**TASK TO CARRY OUT:** Without changing a word, repeat the data, and include no pictures.

**RECORDED DATA:**
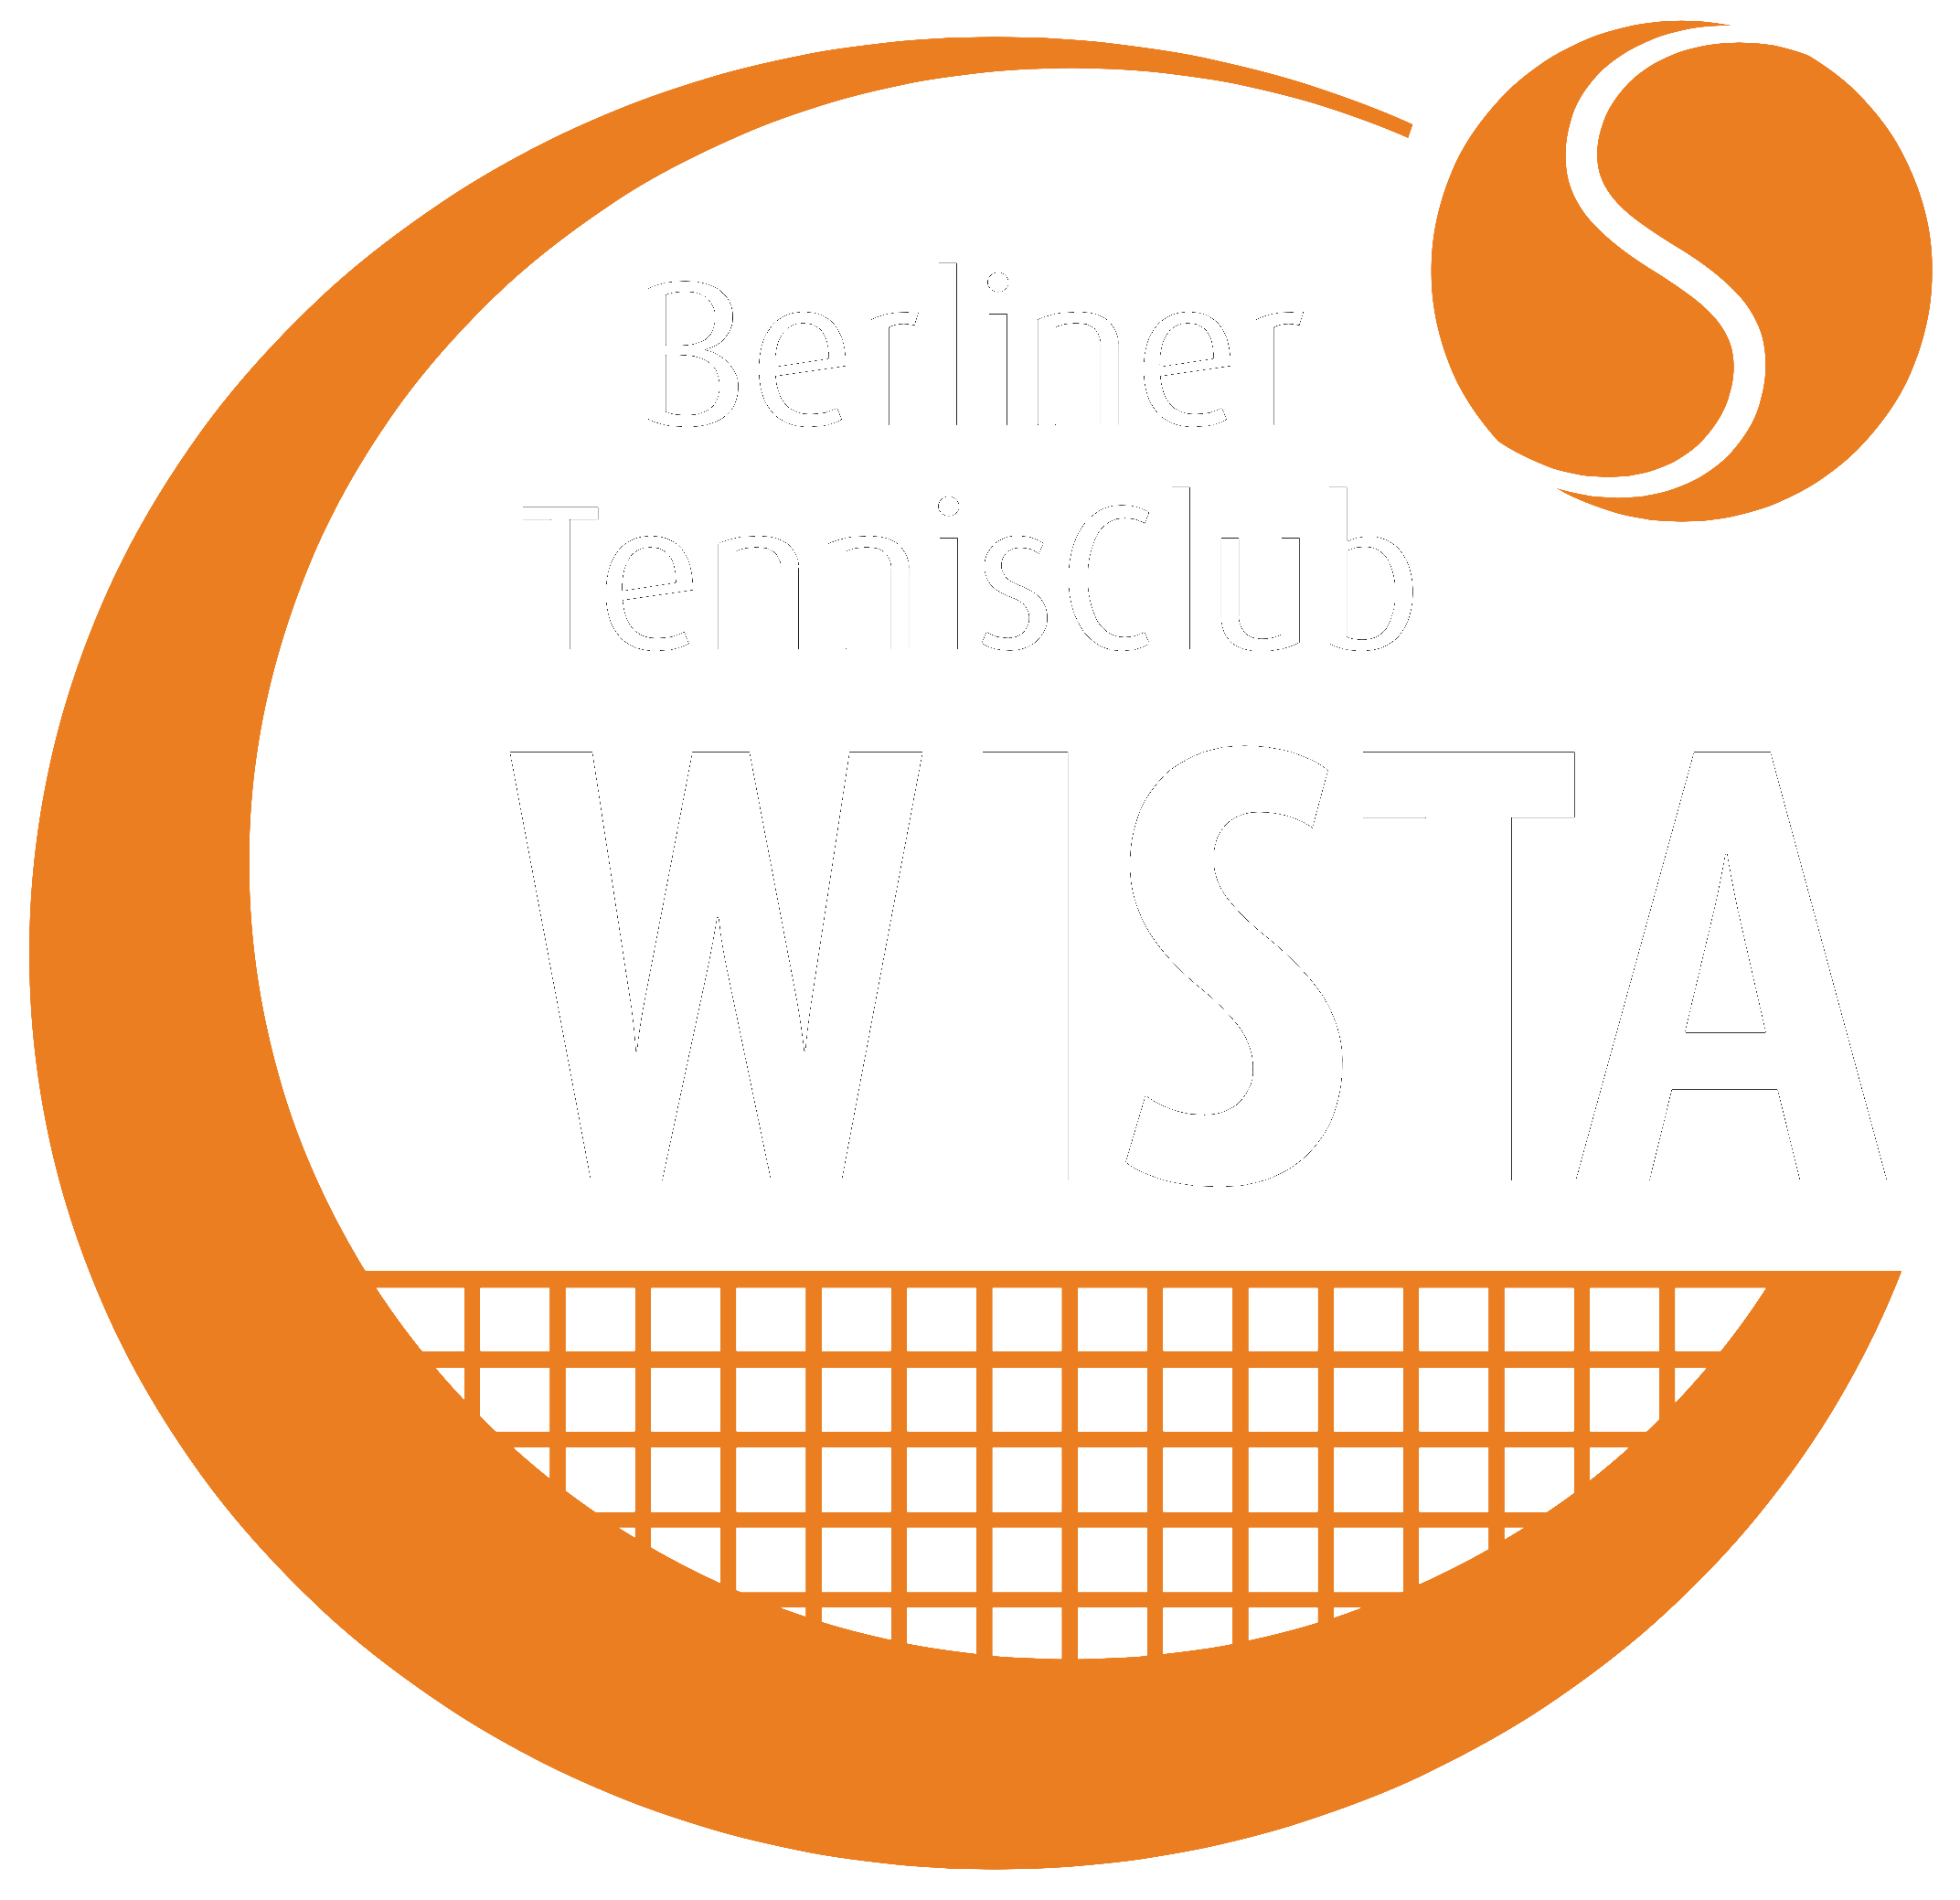 Logo BTC WISTA
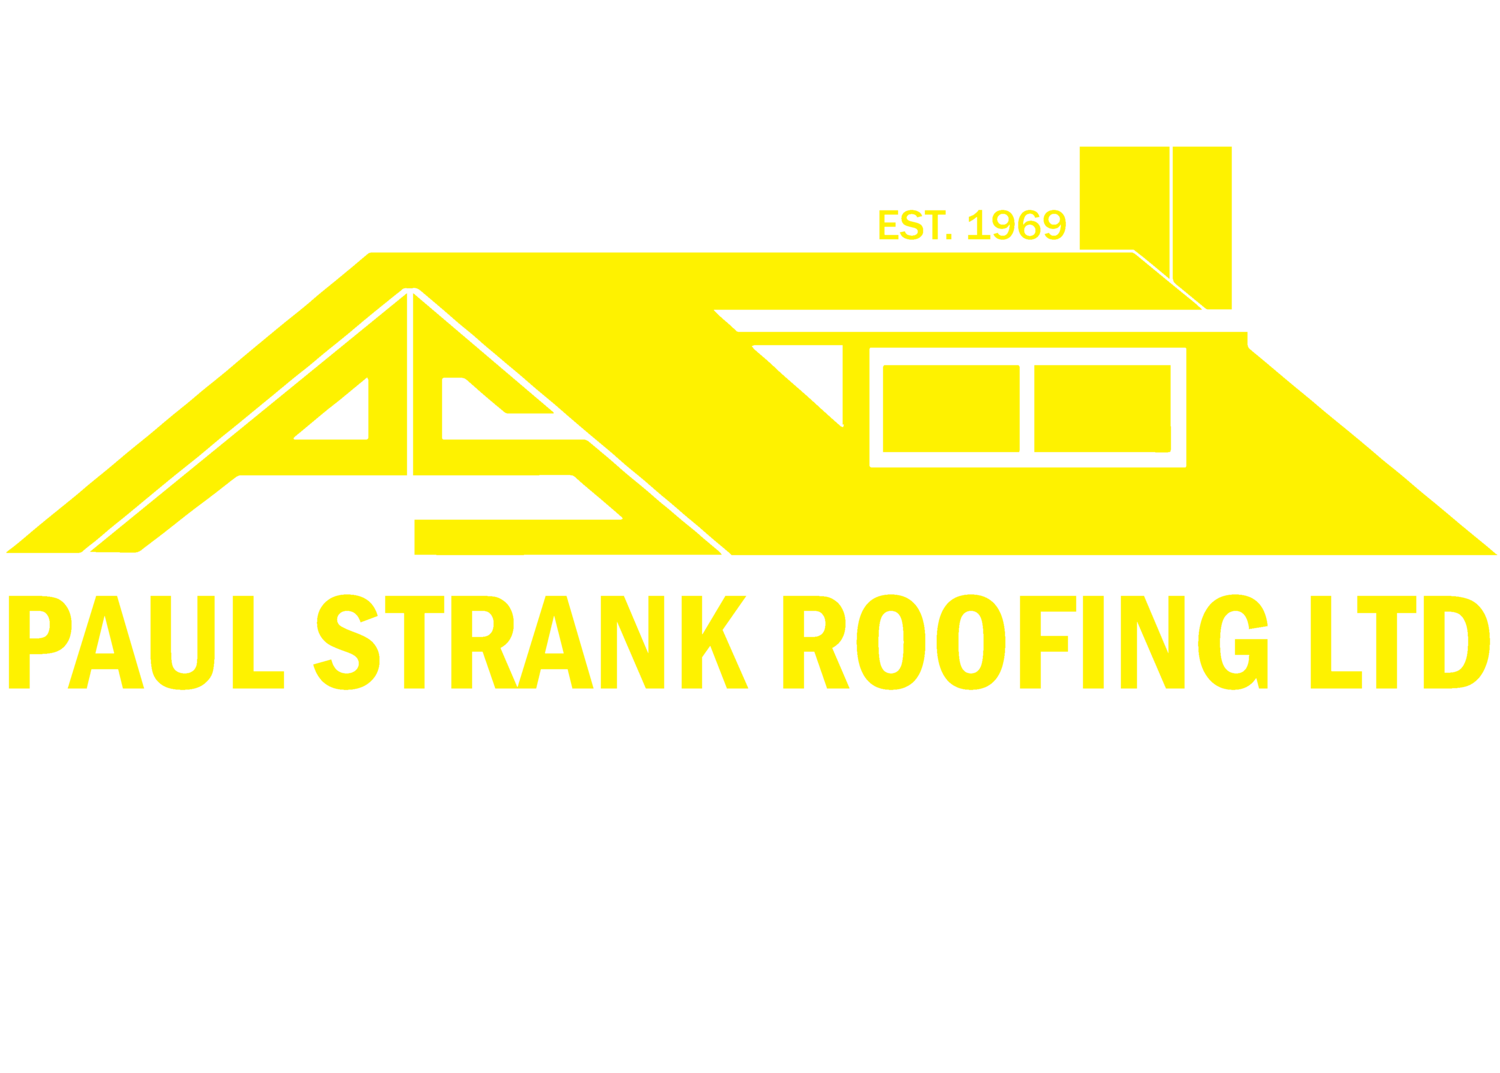 Paul Strank Roofing Ltd.
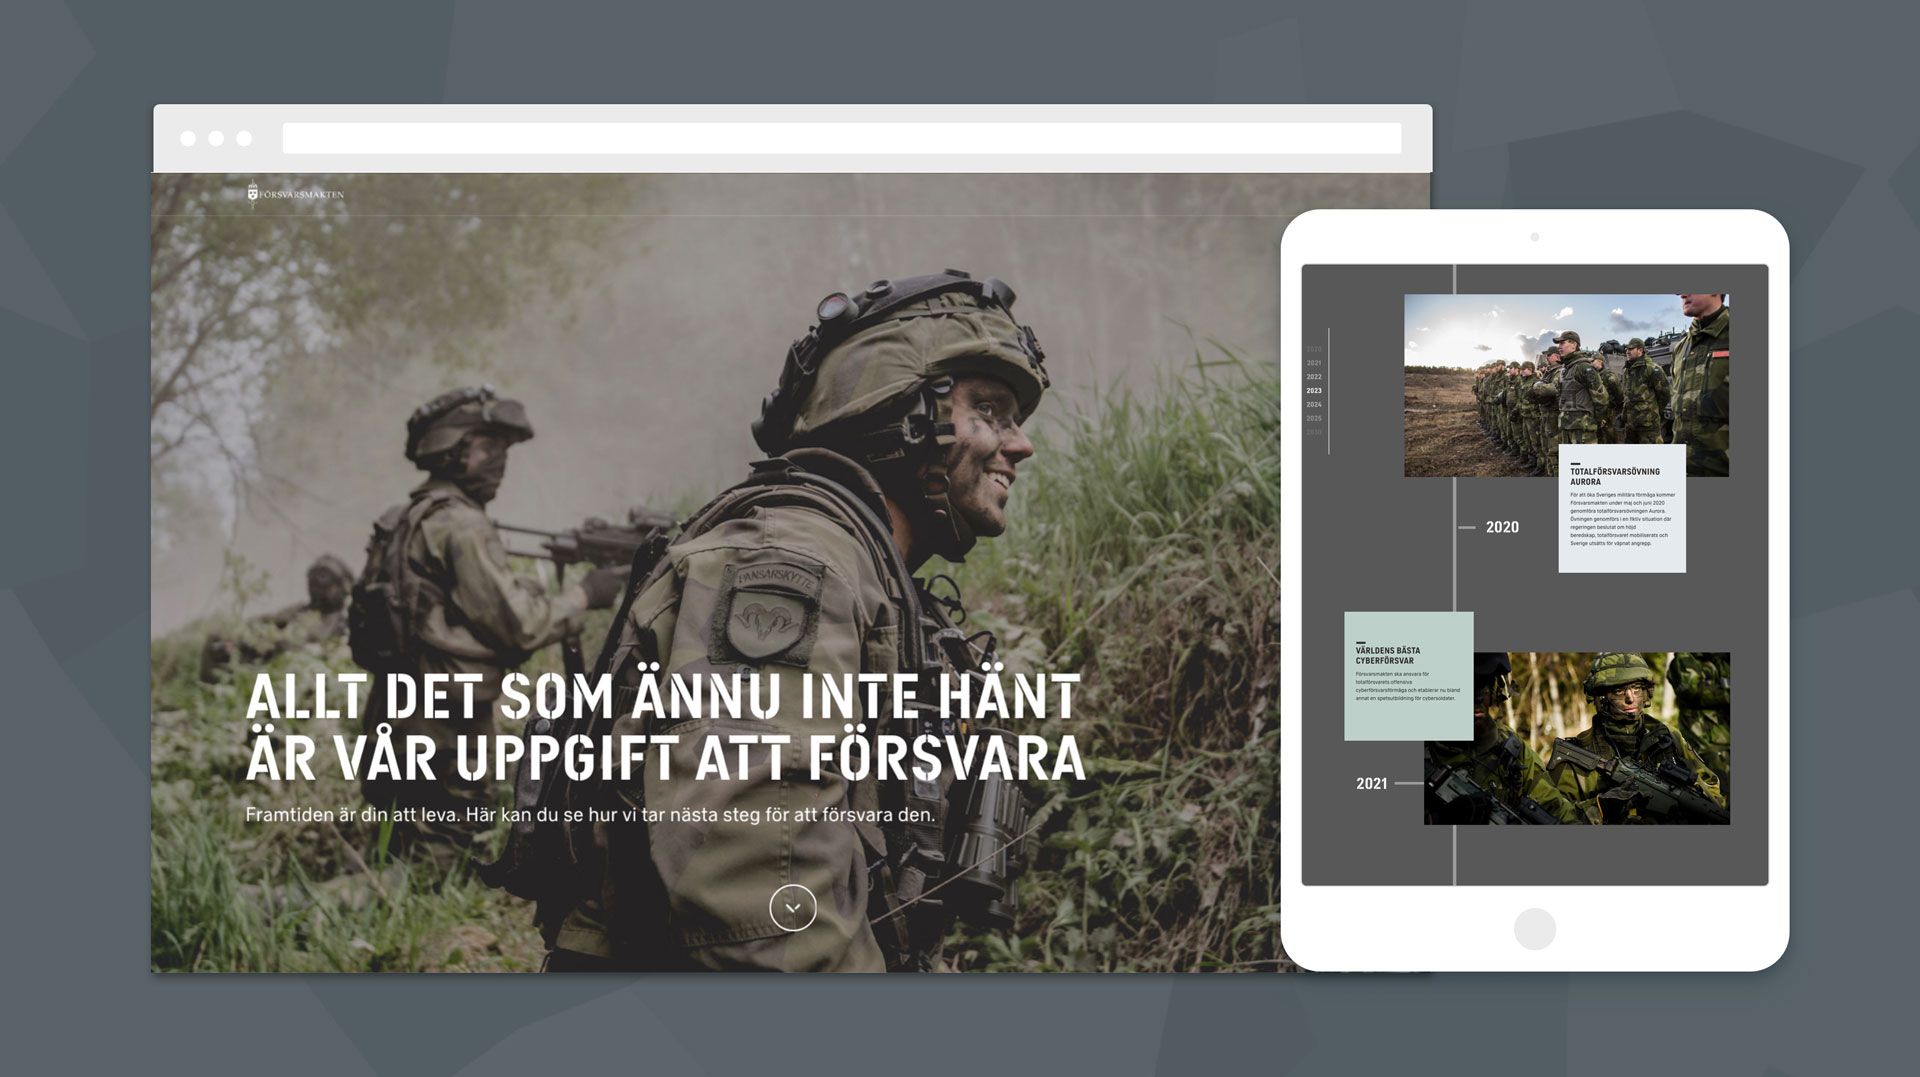 swedish-armed-forces-image-1jpeg

**RESULT OF THE EXERCISE:**
 Logo BTC WISTA
 Paul Strank Roofing Ltd.
 swedish-armed-forces-image-1jpeg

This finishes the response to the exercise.